United Nations Security Council Resolution 1540 is another important tool in our international efforts to stem proliferation. UNSCR 1540 was adopted almost two years at the urging of President Bush. It imposes a legally binding obligation on all countries to put in place and enforce strong export control laws, as well as other legal and regulatory measures against proliferation. We look forward to the upcoming 1540 Committee report and working together with other states to assist states in implementing their 1540 obligations.
The Proliferation Security Initiative, or PSI, is an important counter-proliferation initiative through which we seek to disrupt illicit WMD and missile-related trade to state and non-state actors of proliferation concern. More than 70 countries have indicates support for the PSI. The PSI Statement of Interdiction Principles commits countries to act cooperatively to interdict WMD shipments consistent with national legal authorities and relevant international law. PSI is successful not only because of the tangible benefits accrued from disrupting illicit WMD trade, but also because of the intangible benefits derived from information sharing as well as in-depth operational, policy and legal discussions. The strength of the PSI lies first in its ability to bring to bear the diverse capabilities and legal authorities of participating states when we have information on proliferation-related shipments, and, second, in its effectiveness in encouraging states to strengthen these capabilities and authorities to deter, disrupt and prevent the proliferation WMD-related material and equipment.

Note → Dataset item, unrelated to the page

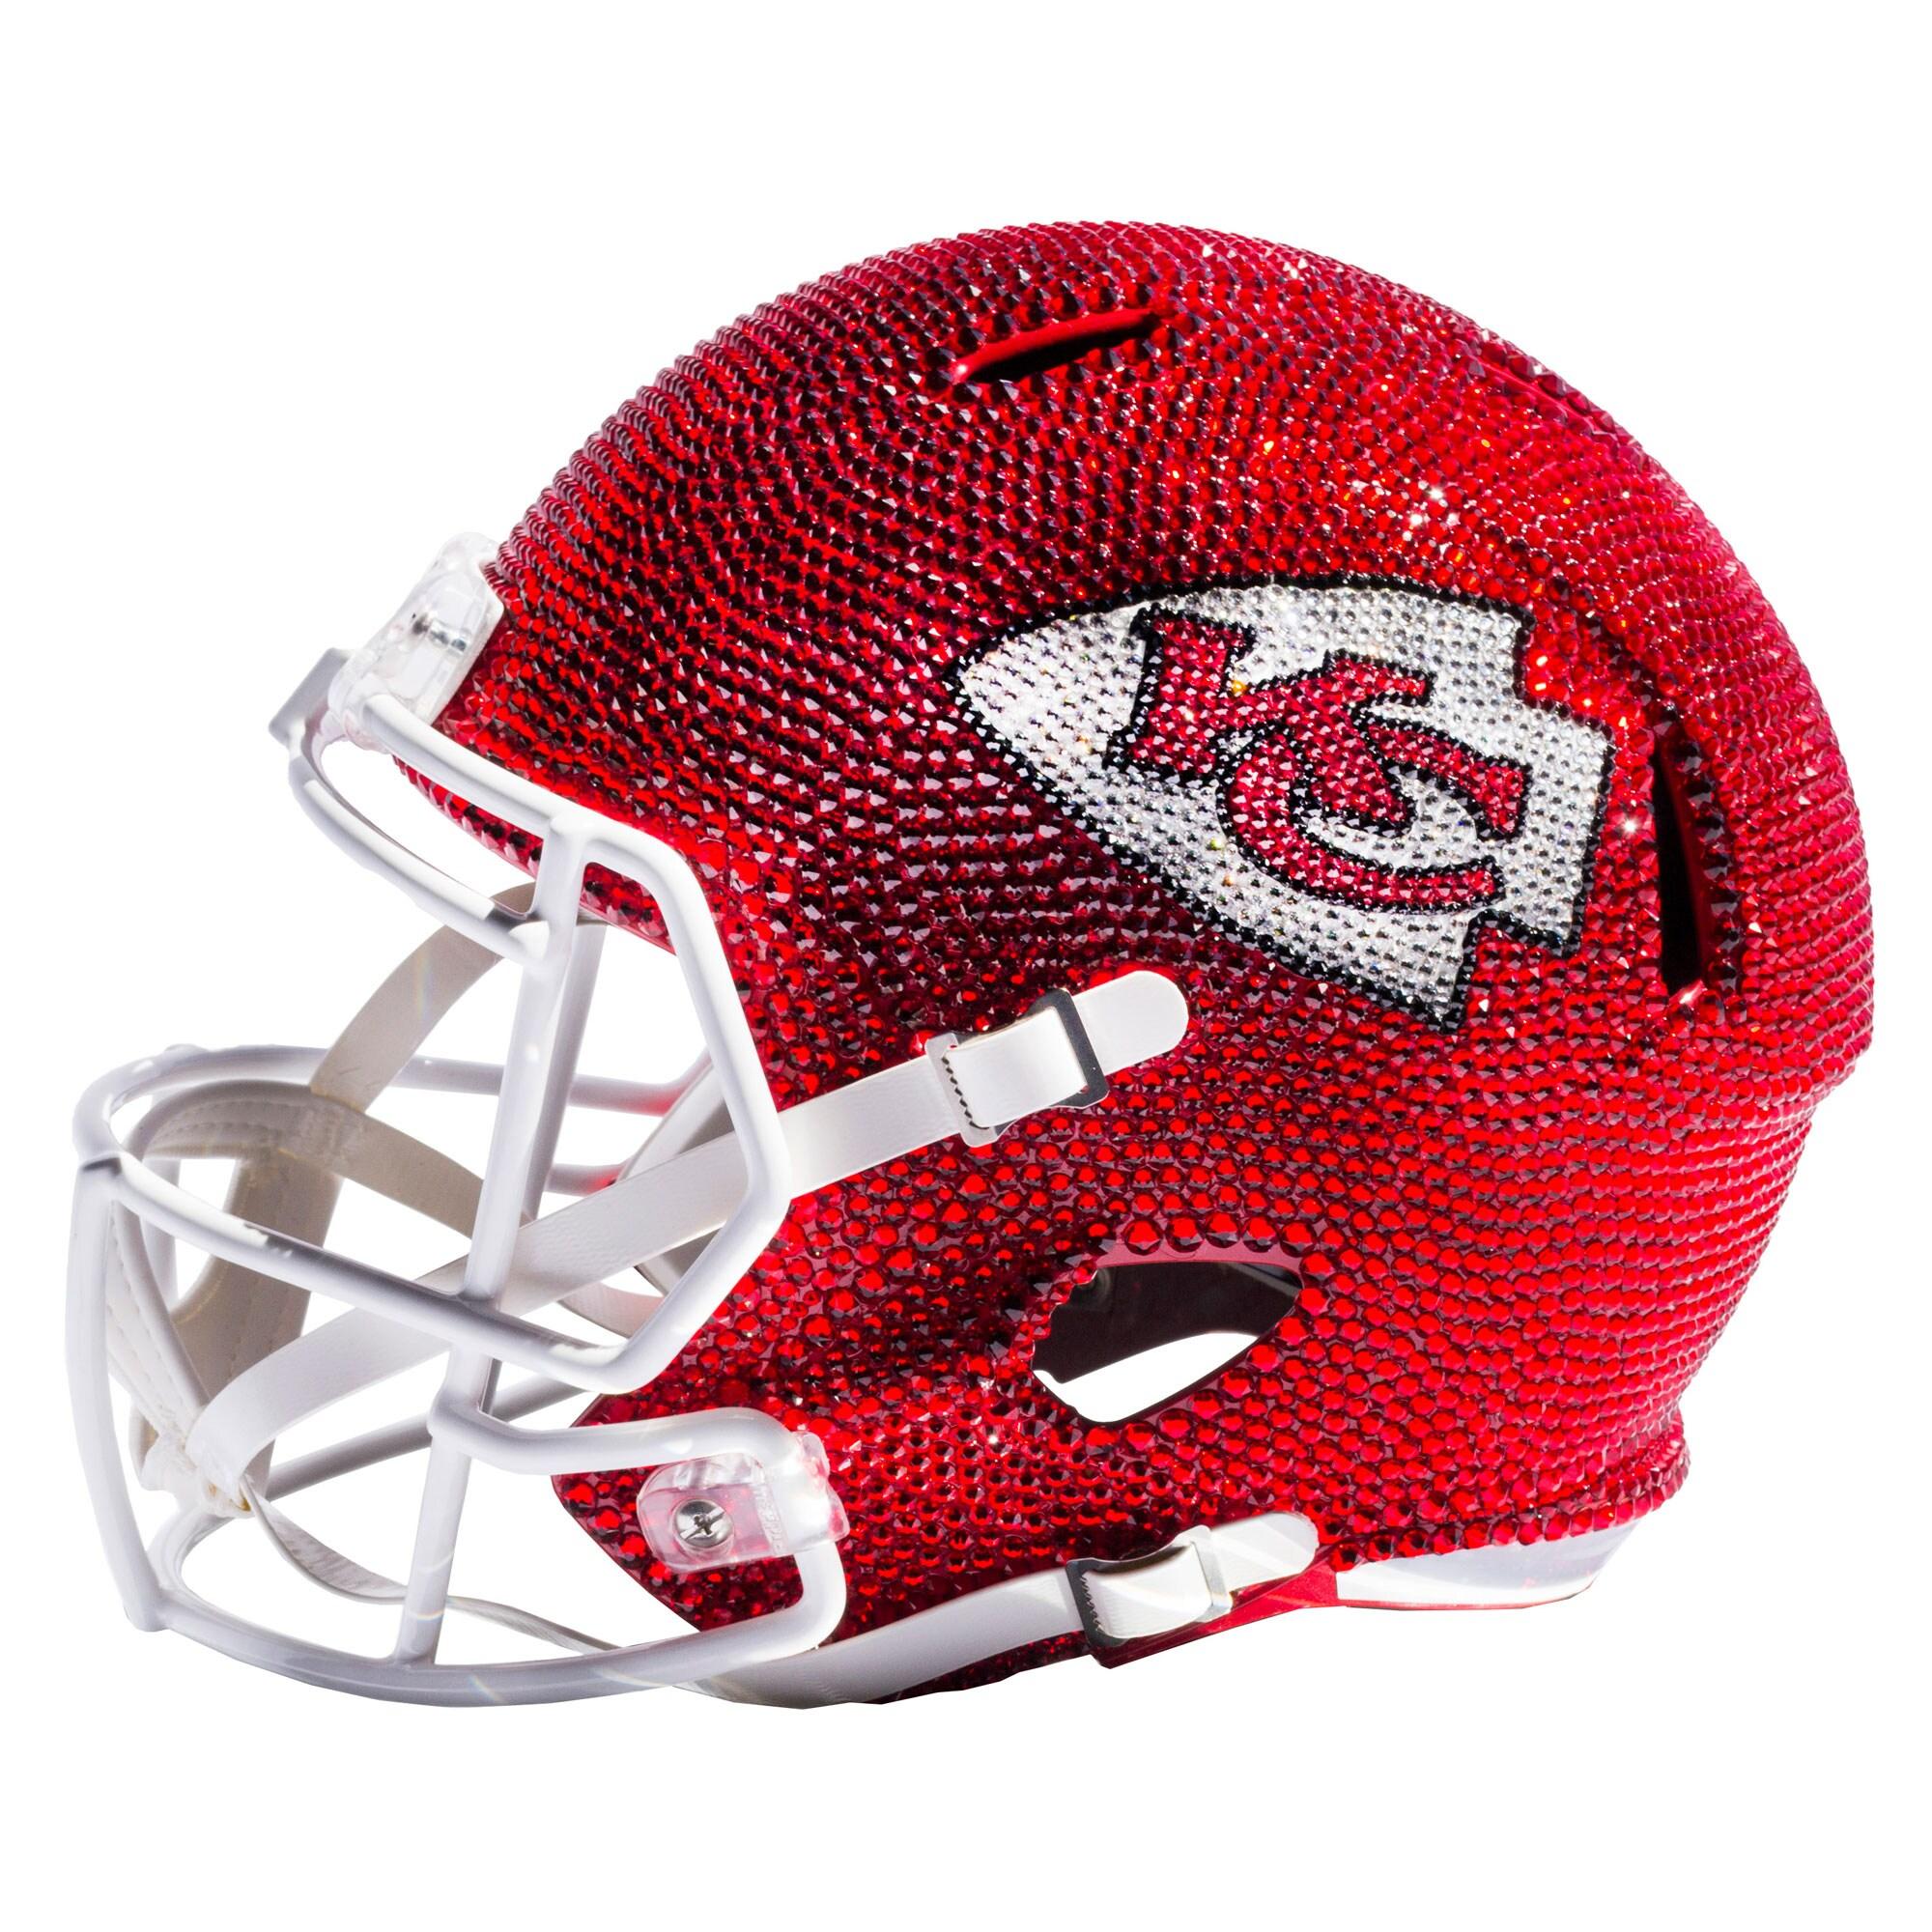 Kansas City Chiefs Swarovski Crystal Large Football Helmet

In addition, we employ a variety of "defensive measures" to stem the trade in WMD materials and equipment as well as to disrupt and defeat the WMD programs of rogue states such as Iran and North Korea. Our defensive measures are intended to address three key threats: the transfer of fissile material, the onward proliferation of WMD and missiles, and the threat of or actual use of chemical, biological or nuclear weapons and ballistic missiles.
One key defensive measure to address these threats is our campaign to disrupt the financial networks that support illicit trade in WMD-related materials and equipment. In June 2005, President Bush issued Executive Order 13382, which authorizes the United States to "freeze" assets and block transactions of entities and persons engaged in WMD proliferation. For example, the United States has named 11 DPRK entities under the Executive Order on Proliferation Financing, as well as entities from Iran and Syria. We continue to urge other countries to adopt similar laws and regulations, consistent with their obligations under UNSC Resolution 1540, to stem the financial flows related to proliferation activities.
Using tools such as these, the Bush Administration has put together a comprehensive national and international effort to stem proliferation. Proactive and dynamic strategies are necessary in today's strategic environment, where we confront challenges ranging from terrorism and nuclear-armed rogue states to clandestine proliferation networks. We have no choice but to act, however, given the unimaginable potential costs of inaction.